Metrosideros robusta (Northern Rata)
Species: M robusta
Scientific name: Metrosideros robusta
Common names: Northern rata, Rata, Rakapika
Metrosideros means "iron-hearted" (from the Greek metra = middle and sideros = iron referring to the hardness of the timber, robusta meaning stout, strong solid or firm. This is a tree up to 30 m tall or more. The trunk looks rather like that of a pohutukawa and is commonly up to 2 m in diameter.

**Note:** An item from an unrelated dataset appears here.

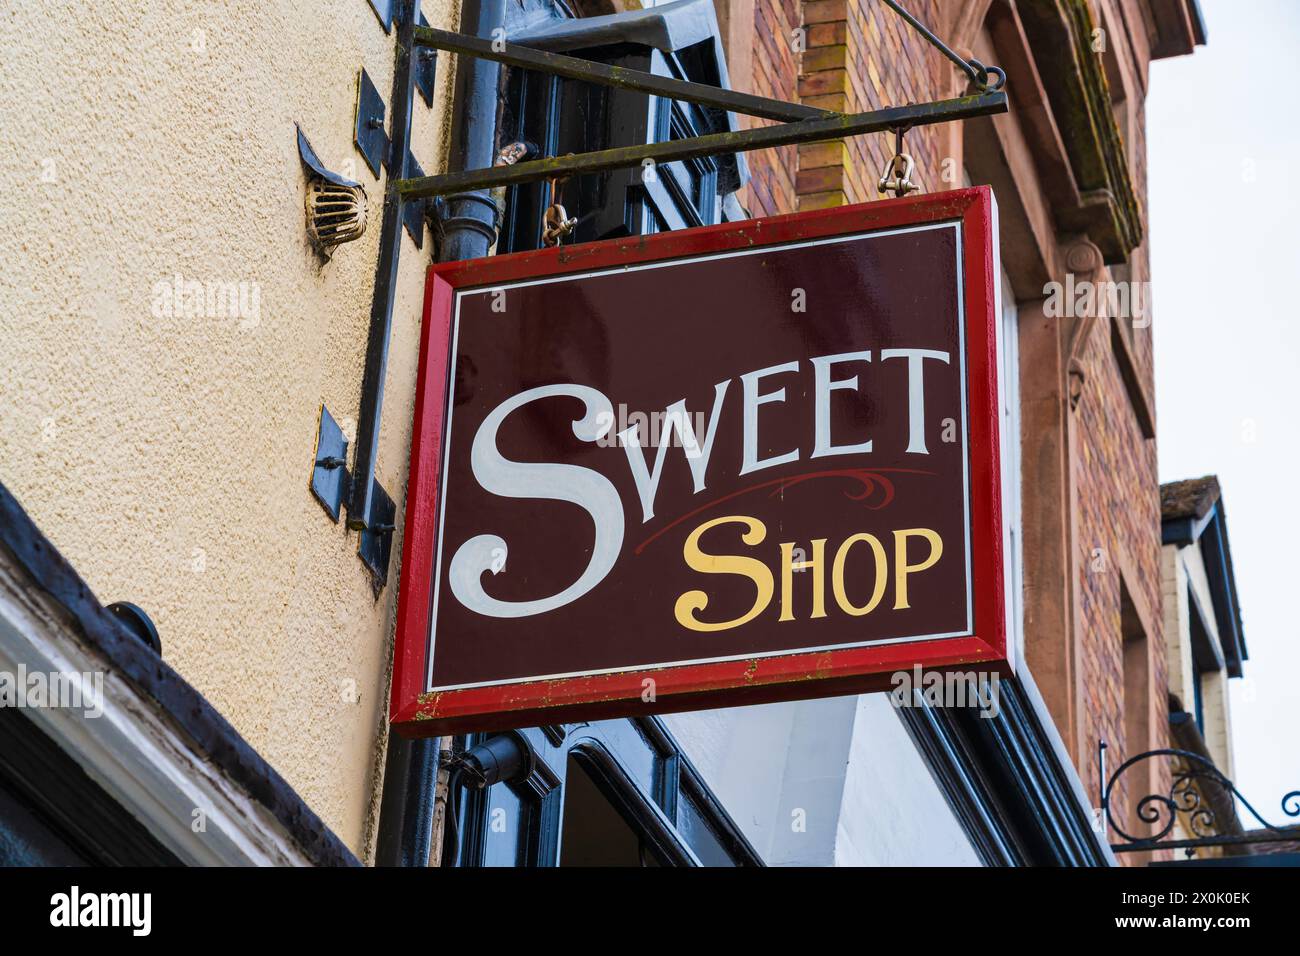 Sign board for a sweet shop, Hanging sign outside a candy store Stock Photo

The Northern rata often begins life as hemi-epiphyte from a windblown seed lodged in decaying humus and leaf litter accumulated in the branch and trunk hollows of a large old tree. The resultant adult rata tree can have a hollow trunk up to 4 m in diameter made up of interlocking roots which enclose the space left by the former host tree. Eventually, the roots all join up to form one single trunk. This takes considerable time and by this time the host tree will probably have died of old age, leaving a hollow on the inside of the rata trunk. The northern rata was known as the "strangler rata" for a long time because people thought that the rata squeezed the host tree to death. It may be that rata can only establish in trees that are already in decline. It could well be that the rata hastens the end of the host tree somewhat, after all the rata canopy shades out part of the host tree canopy, and the rata roots compete with the host tree roots for the same food and water.
The relatively thick leaves are flatter, thinner smaller than the pohutukawa and not furry underneath. The pattern etc of the veins on the matt light green underside of the leaves distinguishes the Northern rata from the Southern rata. Generally, in the Southern rata, only the main veins are seen, whereas in Northern rata copious net veins and margin veins are also visible. Both the upper and the lower surface of the Southern rata leaves are dotted with oil glands. The slight notch in the tip of the leaf of the Northern rata is also very characteristic.
The Northern rata flowers are bright red to dark-crimson and appear at the same time as pohutukawa flowers North of Auckland. Just like the pohutukawa, these flowers produce lots of nectar at the base of the flower which is very popular with birds and insects. The flowers of the rata are slightly smaller than the pohutukawa, there are fewer flowers per umbel (an umbrella-shaped group of flowers originating from a single stem), the yellow pollen is not as obvious as on pohutukawa flowers, and the cups that form the bases of the flowers are smooth and green (not covered with silvery fur like the pohutukawa).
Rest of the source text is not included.